Detection and analysis of the cyanobacterial peptide hepatotoxins microcystin and nodularin using SELDI-TOF mass spectrometry.

作者信息

Yuan Moucun, Carmichael Wayne W

机构信息

Department of Biological Sciences, Wright State University, 025A Fawcett Hall, 3640 Colonel Glen Highway, Dayton, OH 45435-0001, USA.

出版信息

Toxicon. 2004 Oct;44(5):561-70. doi: 10.1016/j.toxicon.2004.07.015.

Abstract

Surface-enhanced laser desorption ionization mass spectrometry (SELDI-TOFMS) was used to develop a new and useful method for determination and identification of the cyanobacterial (blue-green algae) toxins: microcystin and nodularin.
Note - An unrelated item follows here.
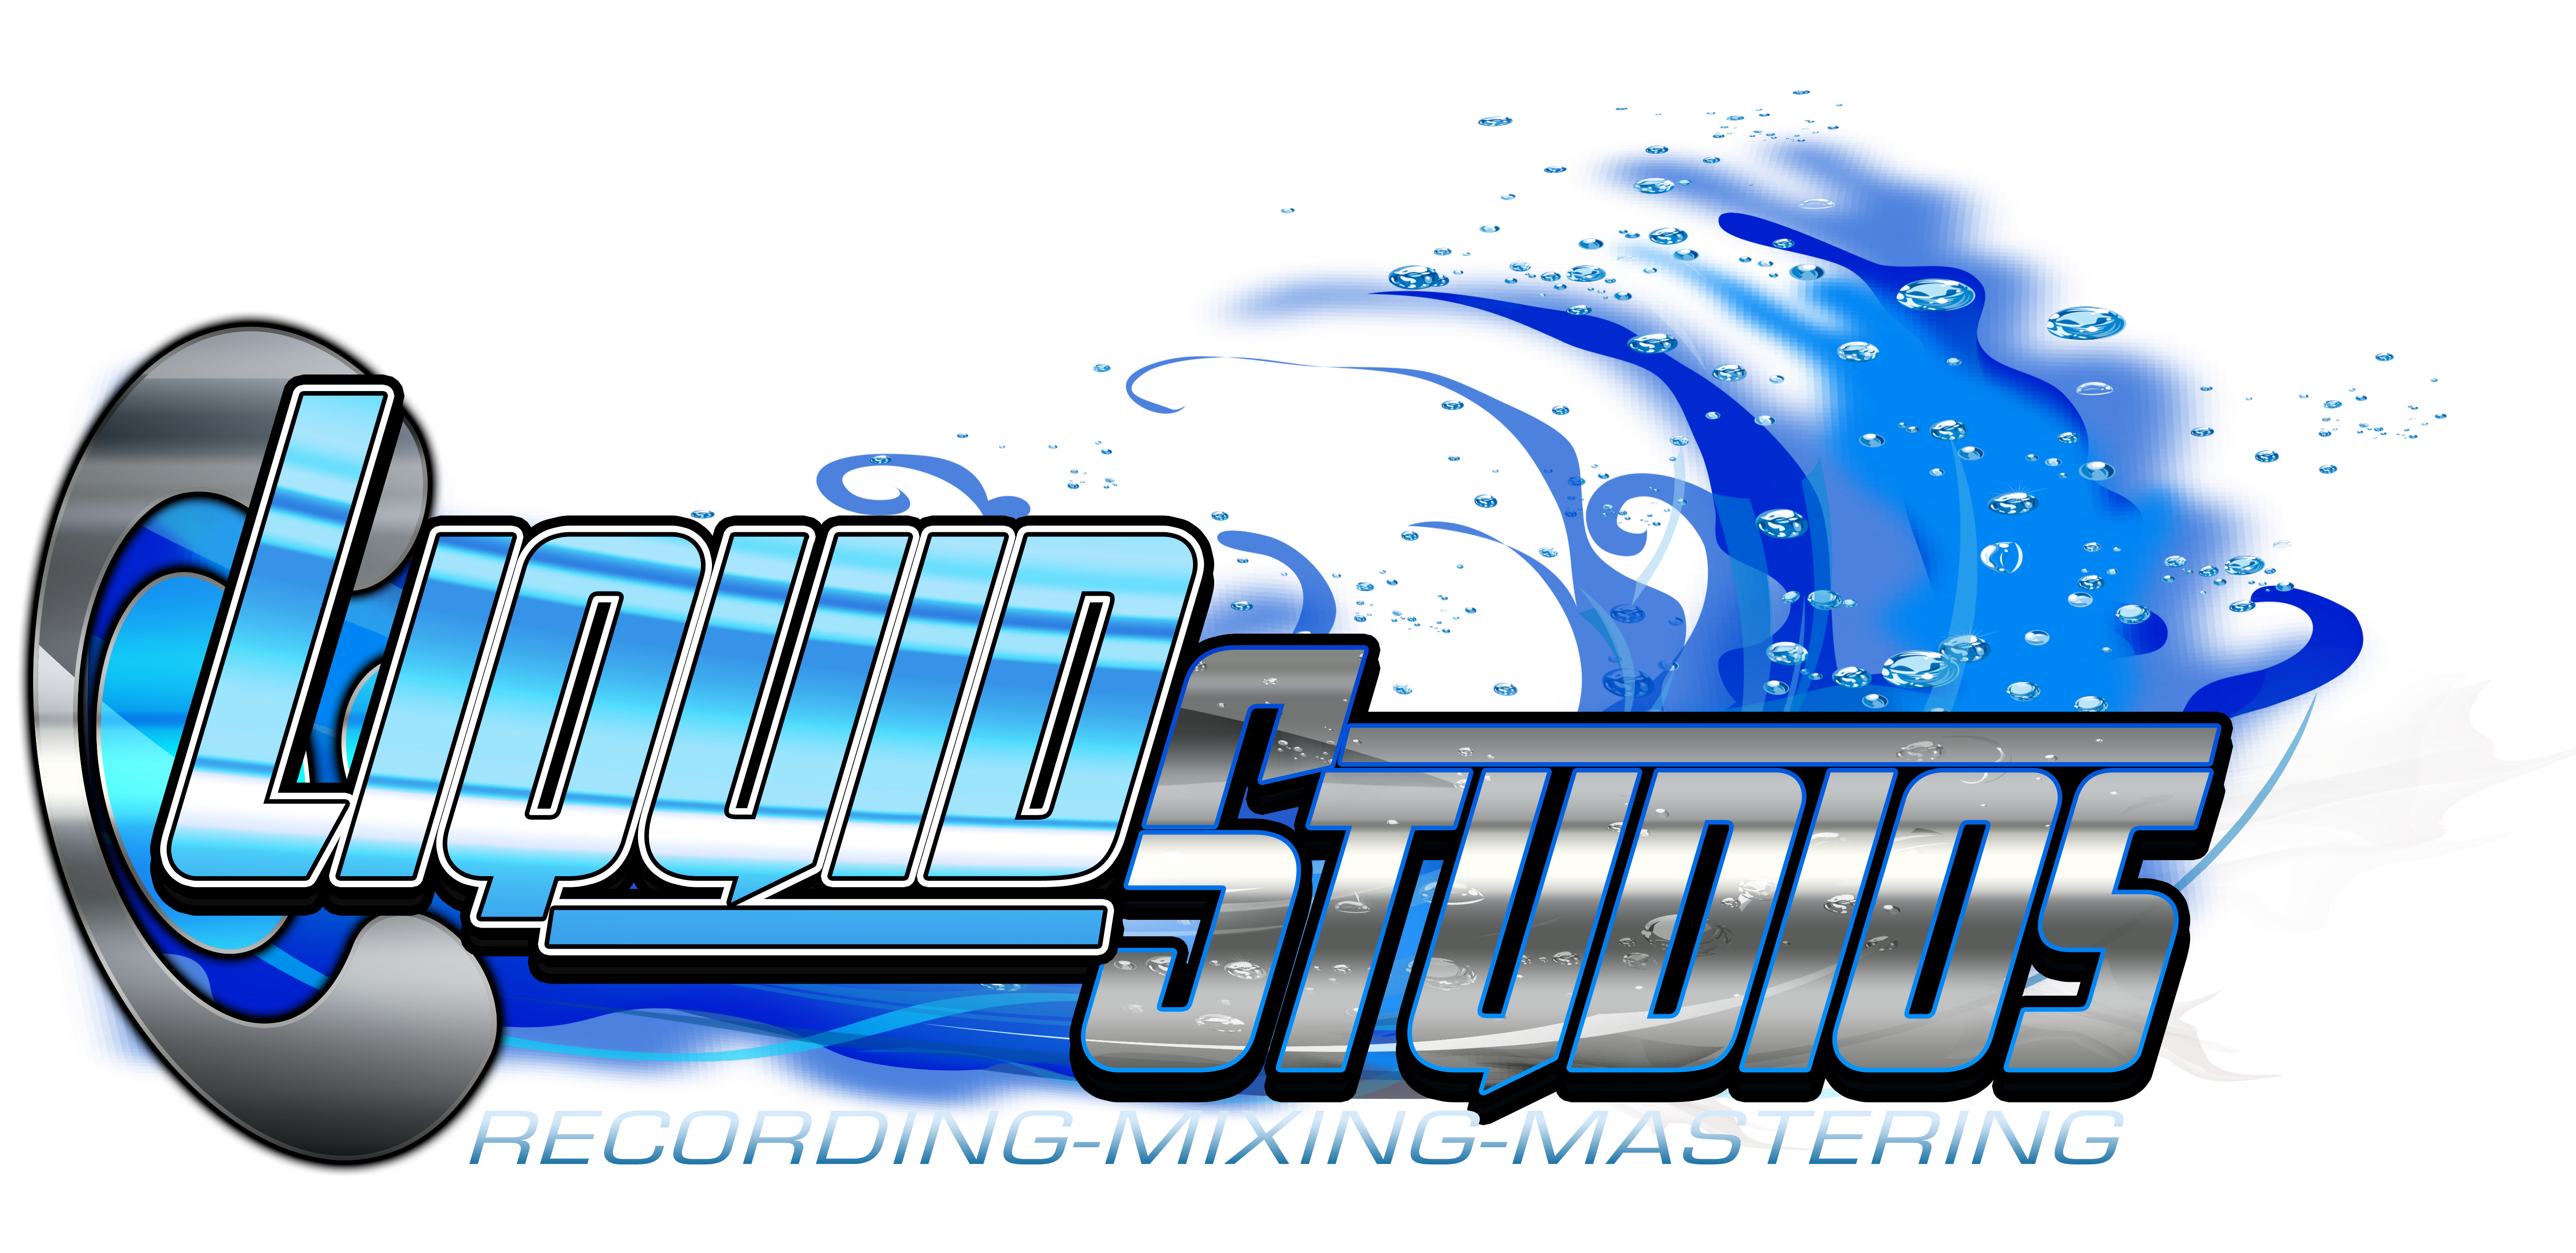 Liquid Studios Logo

The technique, combining chromatography and MS, enables microcystin/nodularin capture, purification, analysis, and processing from complex biological mixtures directly onto a hydrophobic chip. Factors affecting ion intensities, including matrix concentration and laser intensity, were investigated to optimize sensitivity of the method. Microcystins and nodularin were analyzed for femtomolar sensitivity (about 2.5 pg microcystin-LR in 2 microl water). Samples of blood sera and liver tissue were spiked with microcystin-LR and analyzed. The detection limit was 1 ng in 2 microl blood sera solution. Reactions of microcystins by compounds containing mercaptan groups, such as dithiothreitol, aminoethanethiol and protein phosphatase 1, were examined on the chip by mass spectrometry. Formation of the microcystin-dithiothreitol conjugate was used to confirm the target compounds. The MS/MS data obtained showed the presence of the microcystin conjugate. The reaction position of the toxin with target compound was confirmed by a series of MS/MS fragment ions. The protein profile of microcystins reacting with protein phosphatase 1 was also obtained from the SELDI-TOF mass spectra.

摘要

表面增强激光解吸电离质谱法(SELDI-TOFMS)被用于开发一种测定和鉴定蓝藻(蓝绿藻)毒素:微囊藻毒素和节球藻毒素的新的实用方法。该技术结合了色谱法和质谱法,能够直接从复杂的生物混合物中捕获、纯化、分析和处理微囊藻毒素/节球藻毒素到疏水芯片上。研究了影响离子强度的因素,包括基质浓度和激光强度,以优化该方法的灵敏度。分析了微囊藻毒素和节球藻毒素的飞摩尔灵敏度(2微升水中约2.5皮克微囊藻毒素-LR)。向血清和肝组织样本中添加微囊藻毒素-LR并进行分析。检测限为2微升血清溶液中1纳克。通过质谱法在芯片上检测了微囊藻毒素与含巯基化合物(如二硫苏糖醇、氨基乙硫醇和蛋白磷酸酶1)的反应。微囊藻毒素-二硫苏糖醇共轭物的形成用于确认目标化合物。获得的MS/MS数据显示了微囊藻毒素共轭物的存在。通过一系列MS/MS碎片离子确认了毒素与目标化合物的反应位置。还从SELDI-TOF质谱图中获得了微囊藻毒素与蛋白磷酸酶1反应的蛋白质谱。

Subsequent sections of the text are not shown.